Mais l'ancienne présidente de l'ARSE locale travaille également à l'unité de transplantation thoracique (UTT), un service pour les personnes greffées du cœur ou des poumons, qui y restent souvent plusieurs mois. Ici, la problématique majeure concerne les cicatrices dues à l'opération, des marques larges, profondes et durables. Il faut accepter et apprivoiser ces nouvelles empreintes physiques, dompter les produits dermocosmétiques adaptés pour les sécheresses cutanées et les cicatrisations, «apprendre l'autopalpation, éviter les adhérences… C'est un impact corporel important.»

«Pour certains, ça évite même une prise de médicaments. C'est une sorte
de bulle extérieure qui vient dans
leur chambre, avec un toucher doux.»
Lucie Cueff, socio-esthéticienne

Lucie Cueff est vite repérée, elle qui se promène sans blouse, avec sa technique de massage appelée nursing touch, «qui apaise le système nerveux et est facilitatrice d'endormissement». «Pour certains, ça évite même une prise de médicaments. C'est une sorte de bulle extérieure qui vient dans leur chambre, avec un toucher doux. C'est rafraichissant pour les patients.» Là encore, les soignants suggèrent à la professionnelle du soin les personnes à voir en priorité, une quinzaine la plupart du temps, qu'elle rencontre tous les quinze jours.

La socio-esthéticienne va alors se présenter, expliquer son activité, échanger sur les douleurs ou les sommeils agités. «Ce sont des personnes fatiguées, qui souffrent. Elles ont peu de visites à l'UTT. Il faut avoir une certaine expérience du toucher pour réconforter ces corps très abîmés, souvent striés d'escarres.»
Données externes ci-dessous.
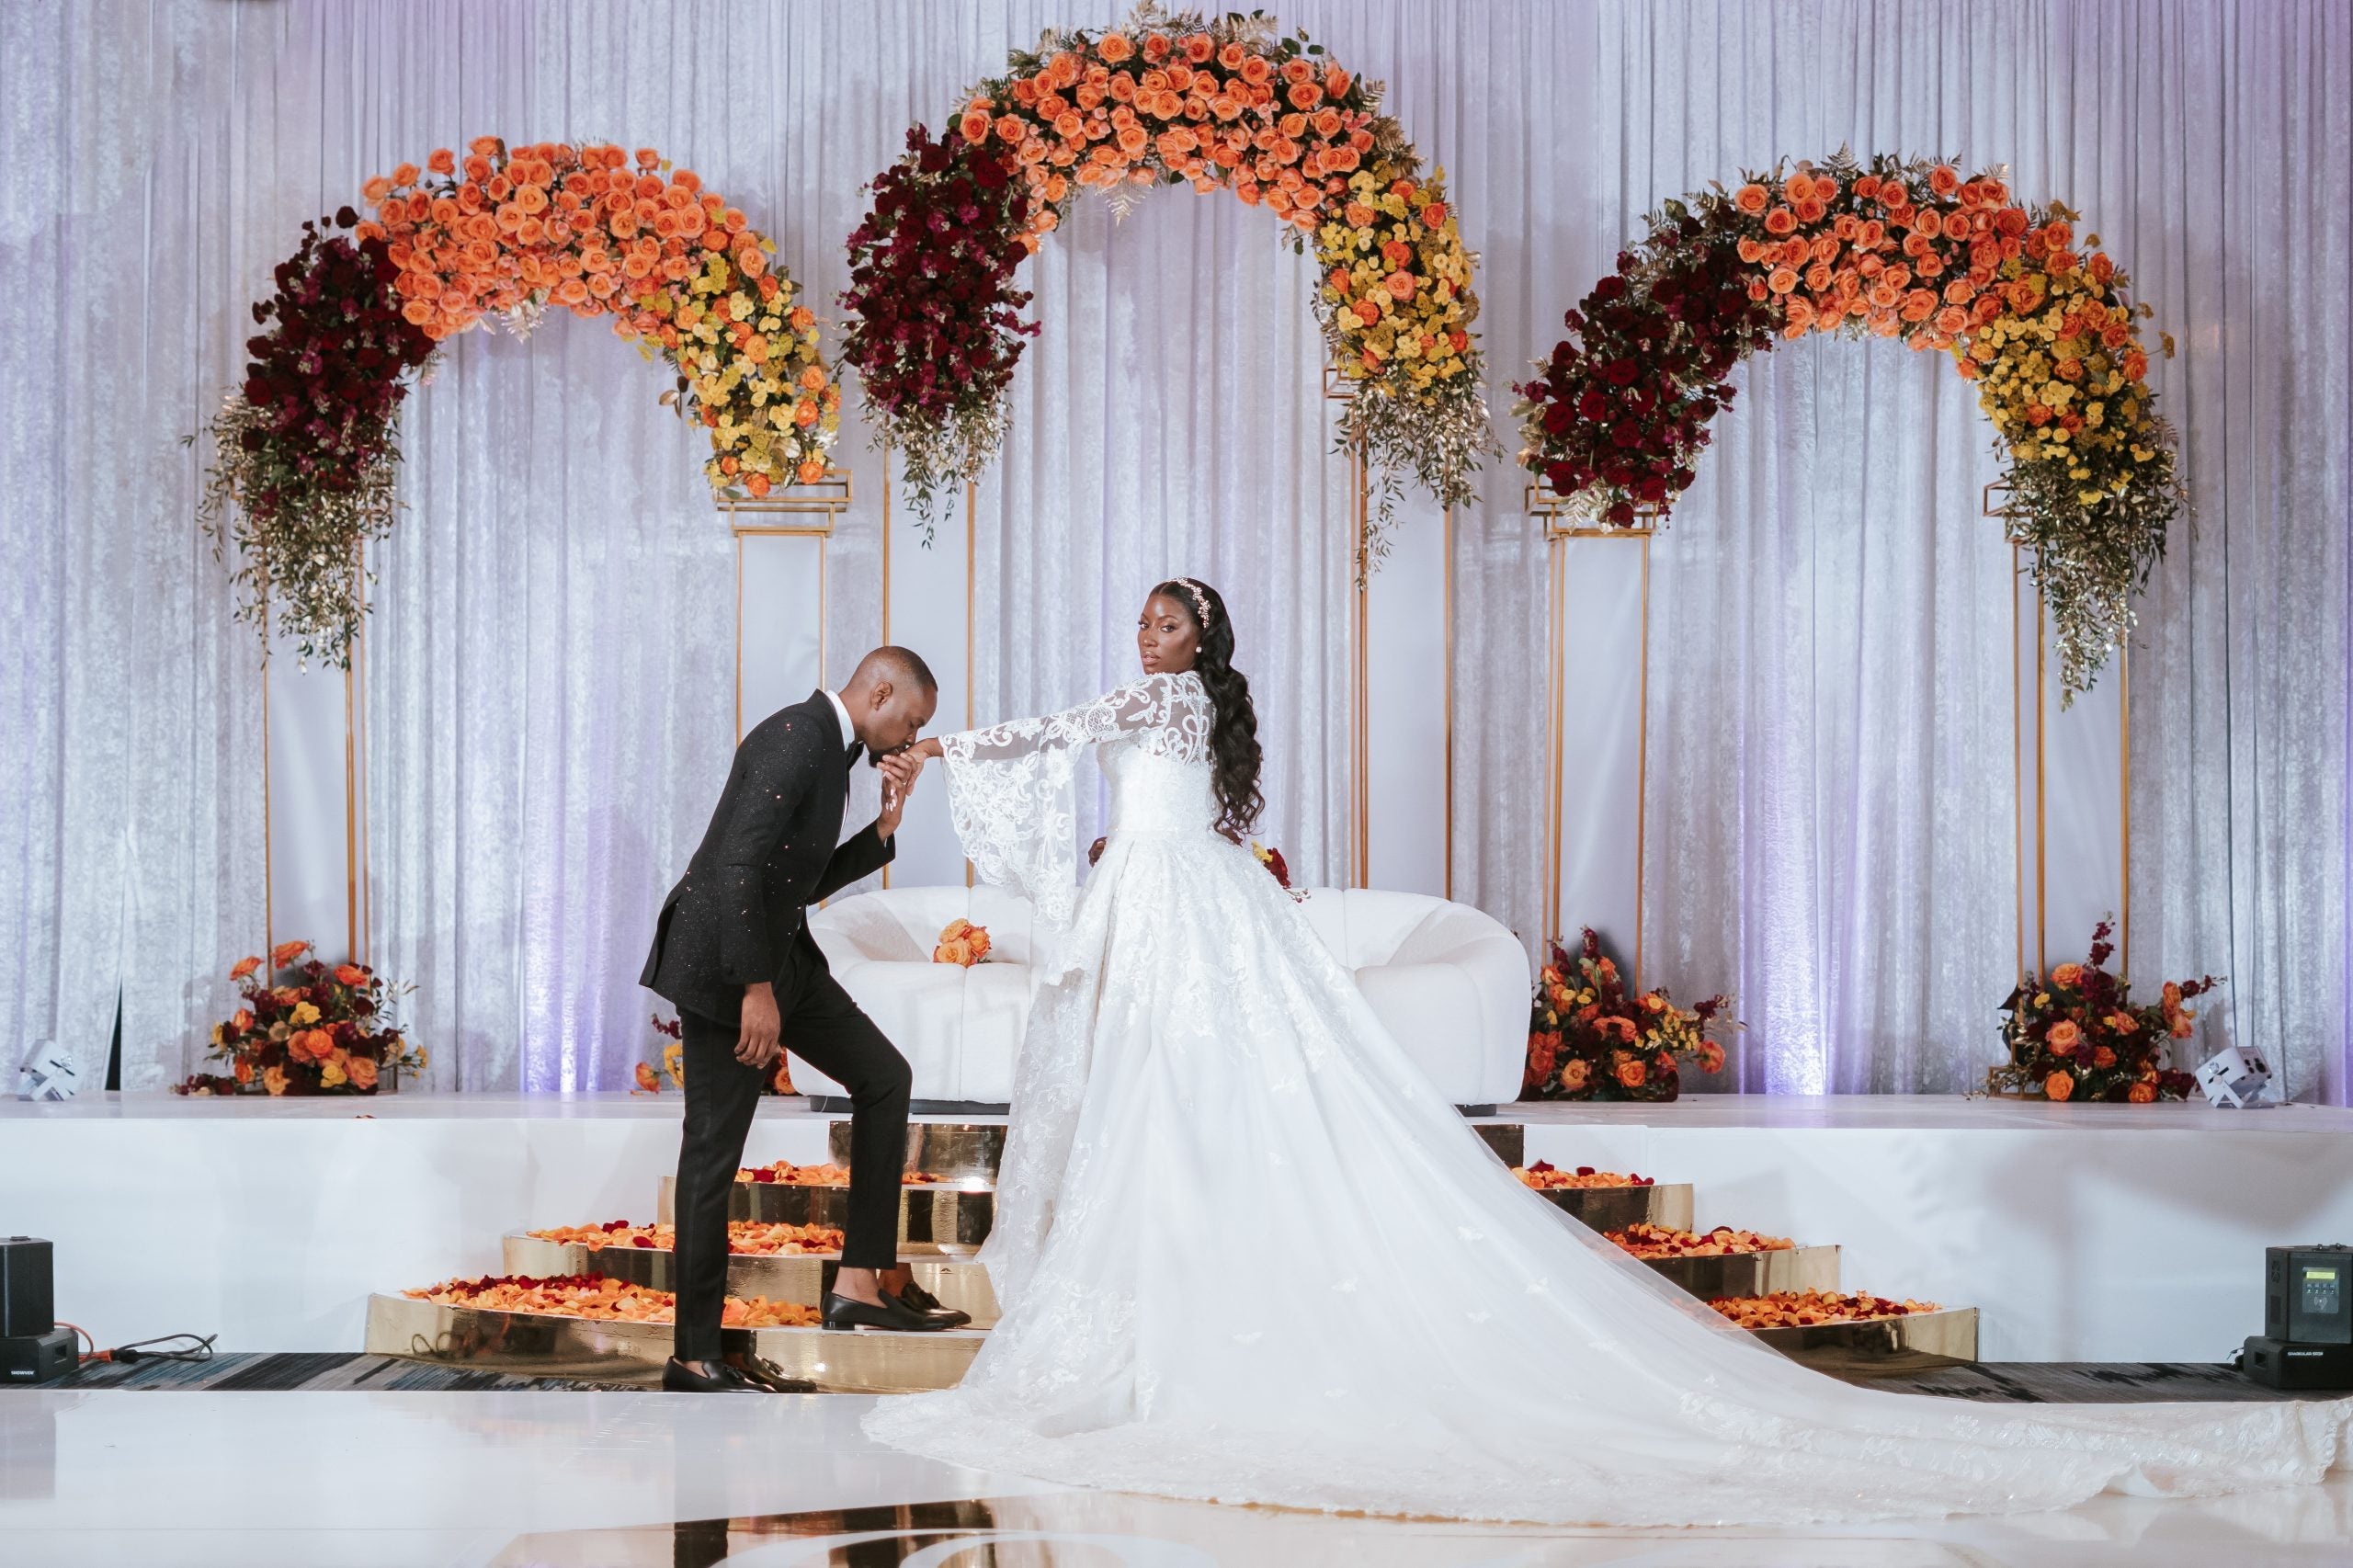 The Best Of Bridal Bliss: Our Favorite Images Of Black Love In 2023

«Certaines pratiques ne sont
pas acceptables»

Si la relation au toucher libère la parole, les socio-esthéticiennes, souvent isolées dans leur travail, repartent avec une lourde charge émotionnelle. Lucie Cueff se remémore ce patient d'une quarantaine d'années, atteint de mucoviscidose et greffé, avec lequel elle passait presque deux heures à chaque séance. «Sa problématique relevait quasi du soin palliatif. Lui avait la sensation de ne plus être seulement traité comme un patient lorsque je venais.»

Aujourd'hui en France, seules quatre écoles sont reconnues par le Comité de socio-esthétique (COSE), composé de professionnels du secteur, et délivrent une formation diplômante solide en socio-esthétique. Car le filon attire aussi des personnes ou des écoles d'esthétique peu scrupuleuses, qui délivrent de curieuses formations à distance –là où l'on parle bien d'un métier du toucher, sur des corps malades ou meurtris–, ou font peu de cas de la qualité des produits cosmétiques utilisés, alors que leur importance est cruciale pour les soins et les éventuelles cicatrisations.

«C'est un métier pour lequel il y a un problème actuellement. Certaines pratiques ne sont pas acceptables, relate Laurence Coiffard, l'enseignante spécialiste en cosmétologie. On sait que des personnes conseillent aux patients de prendre ou fabriquer tel ou tel produit. Et c'est dangereux.» Alors, les rares professionnelles de métier ne lâchent rien. La chercheuse, elle, aimerait développer cette activité auprès de publics migrants, SDF ou incarcérés. «Là aussi, les corps sont abîmés et l'estime de soi agressée.» Pour cela, il faudra encore aller chercher de l'argent, décidément le nerf de la guerre, et une solution au mieux-être.